──────── Provided data
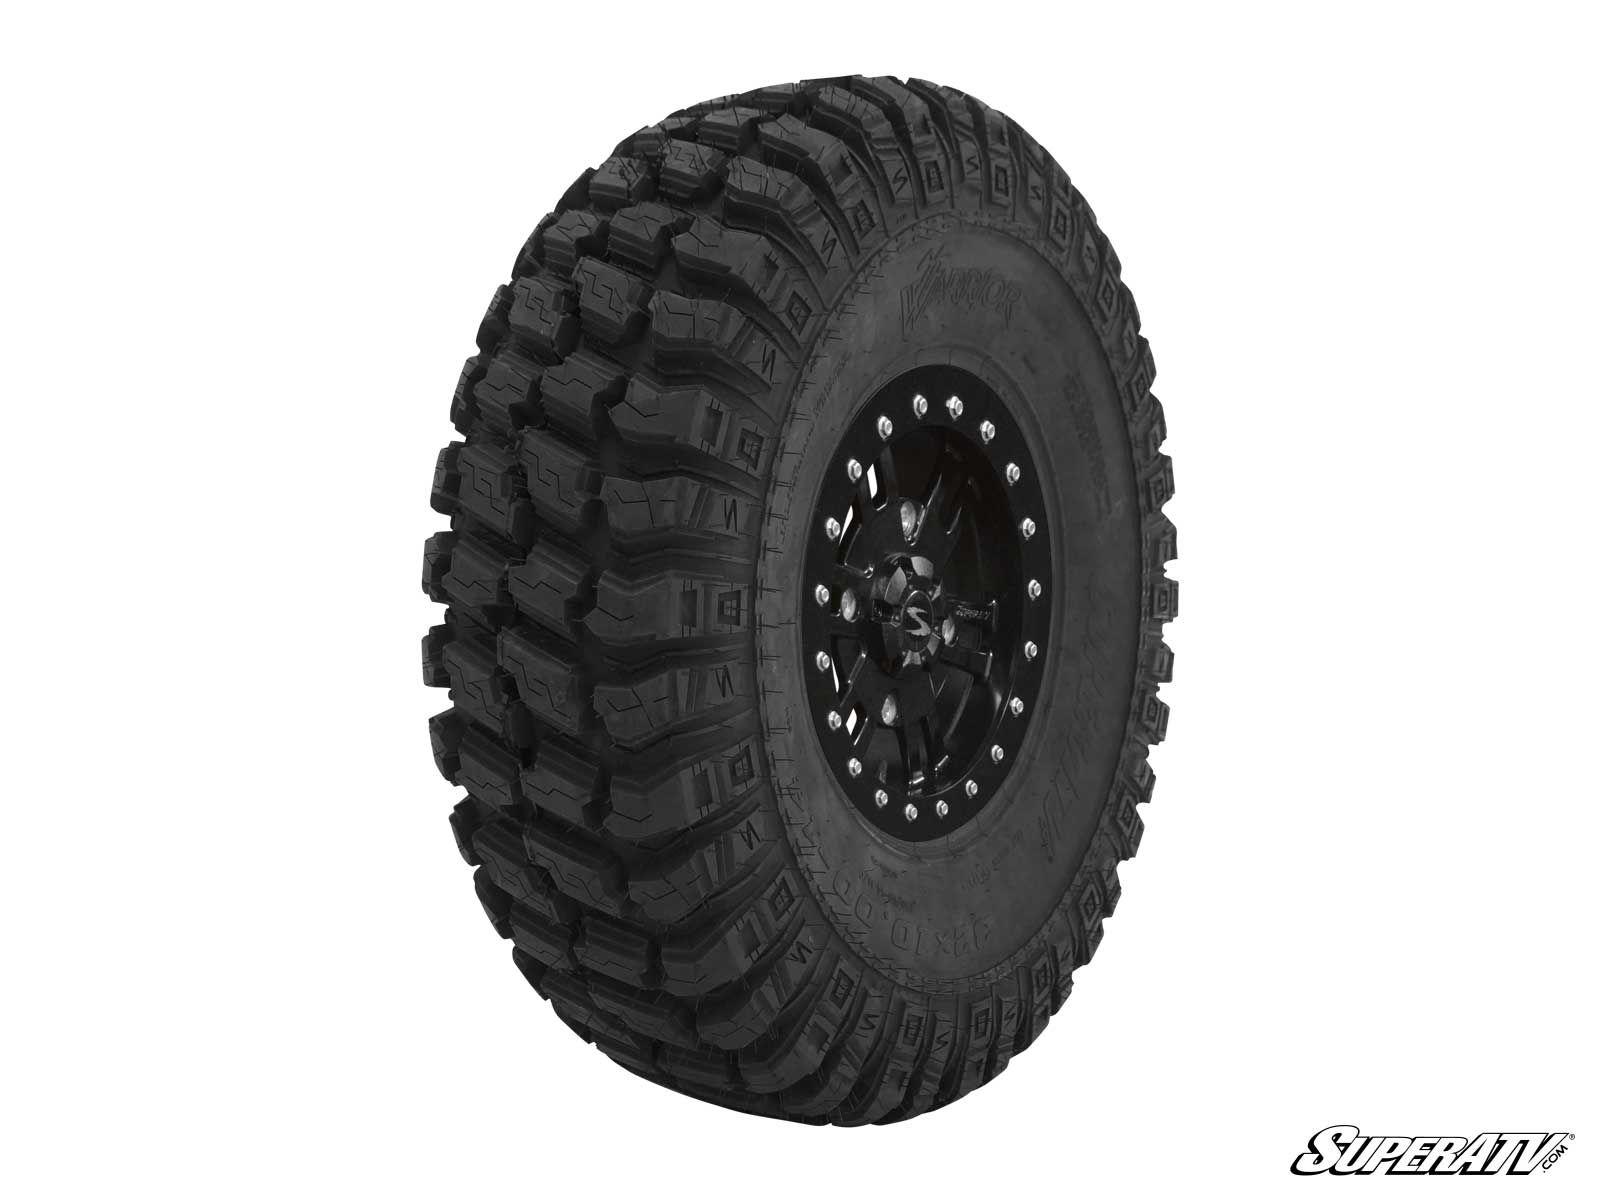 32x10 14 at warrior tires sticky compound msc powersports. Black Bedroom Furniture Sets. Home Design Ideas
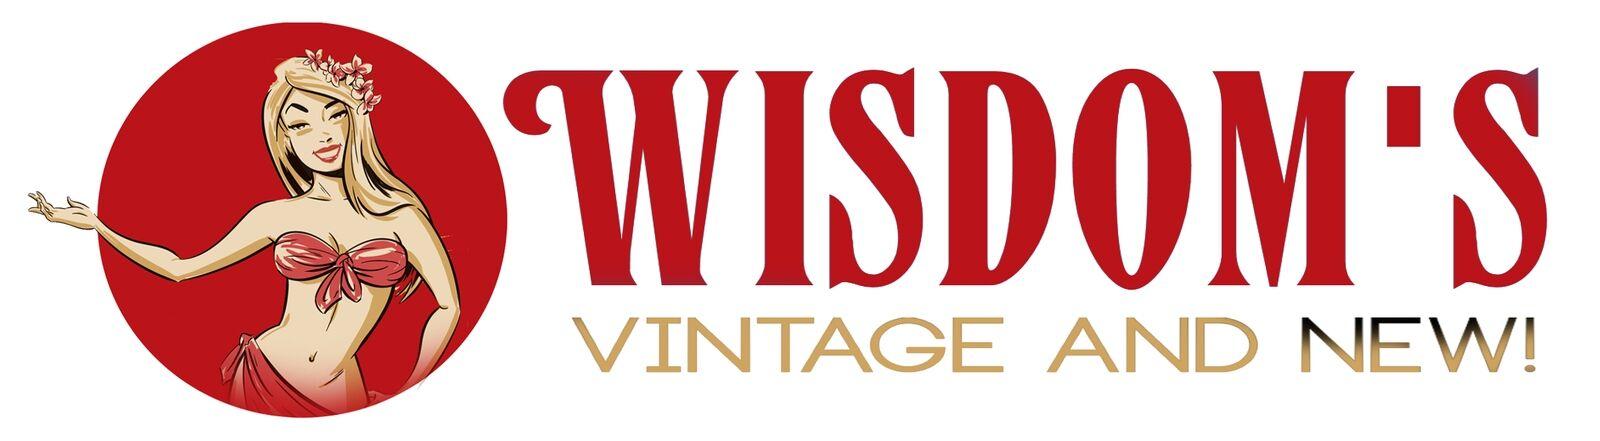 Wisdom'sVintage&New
────────────────
──────── Provided data
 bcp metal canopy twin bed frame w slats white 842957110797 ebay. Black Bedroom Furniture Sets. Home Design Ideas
────────────────
──────── Provided data
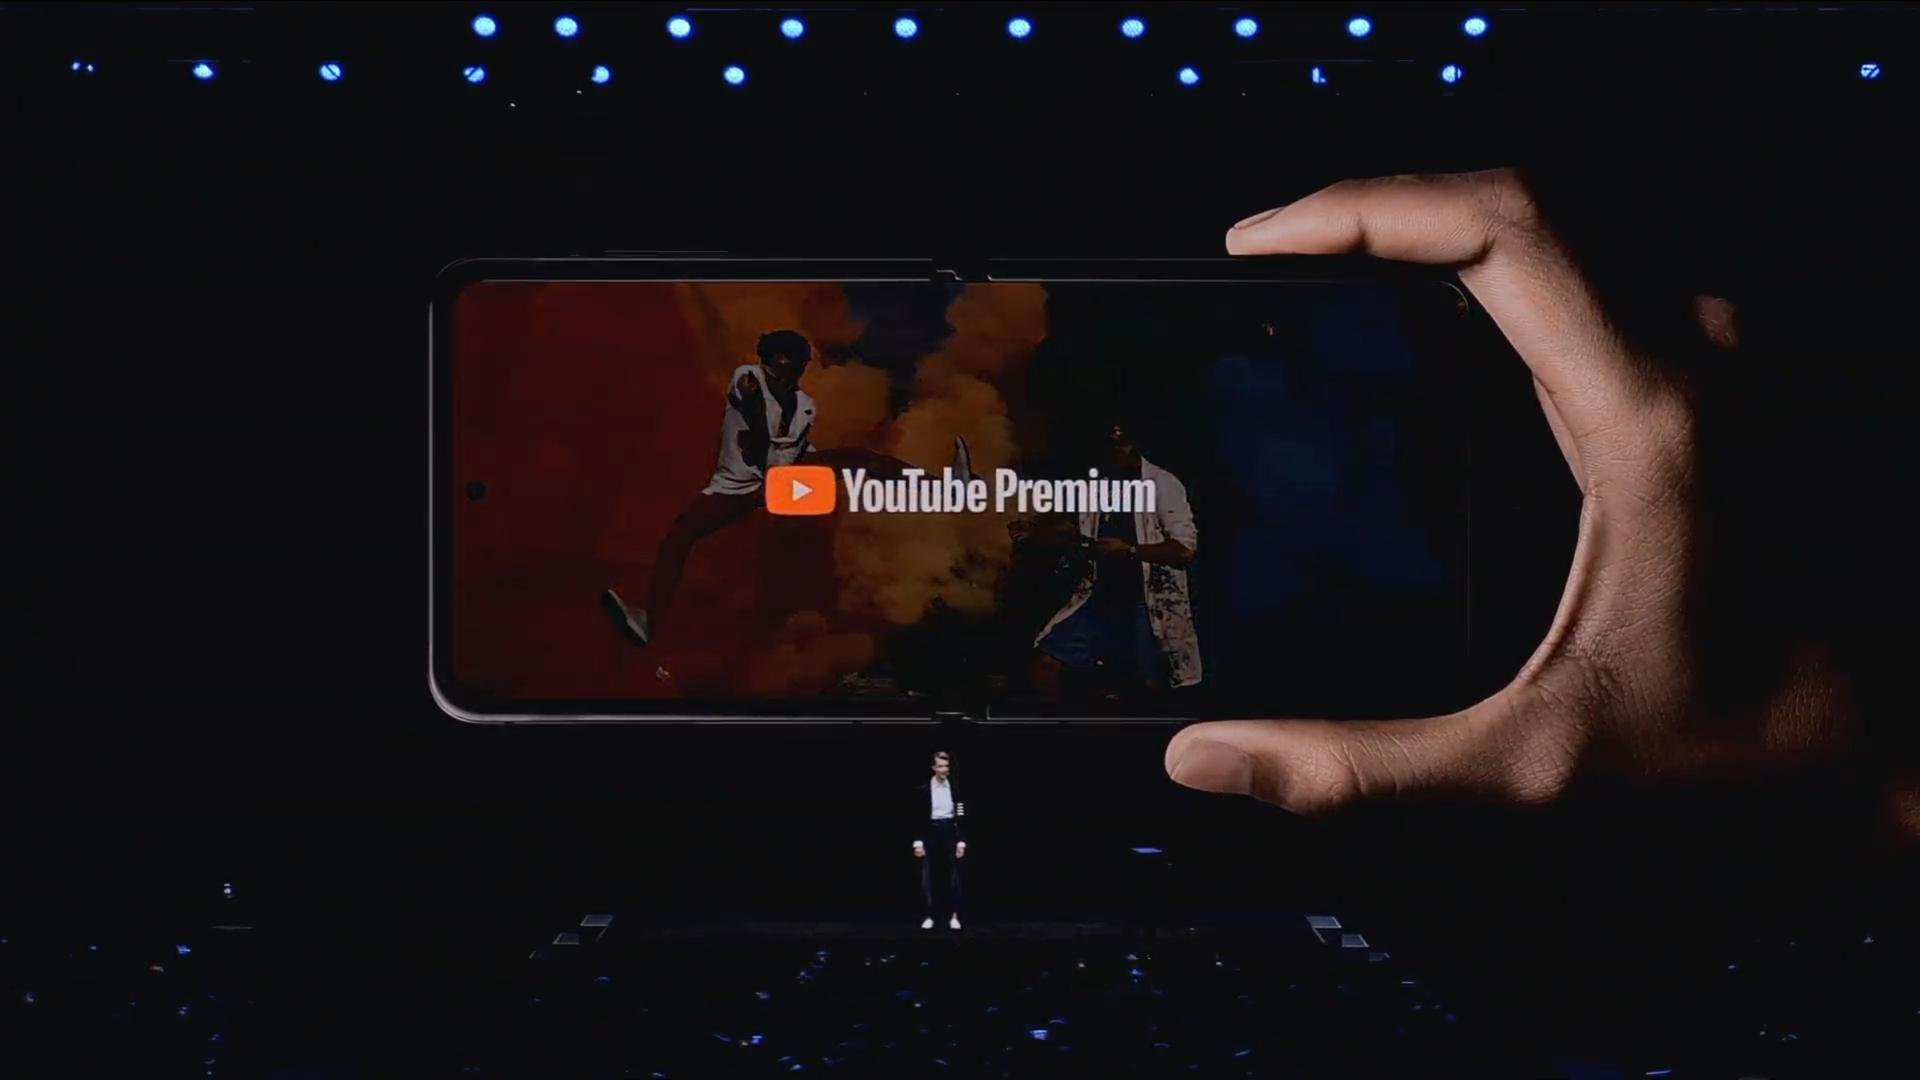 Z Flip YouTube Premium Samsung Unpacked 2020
────────────────
▶ Your instructions:
Write out the lines above from the one with "32x10 14 at" through the one with "Wisdom'sVintage&New", ends included, exactly; no picture goes in.

▶ Output for this task:
 32x10 14 at warrior tires sticky compound msc powersports. Black Bedroom Furniture Sets. Home Design Ideas
 Wisdom'sVintage&New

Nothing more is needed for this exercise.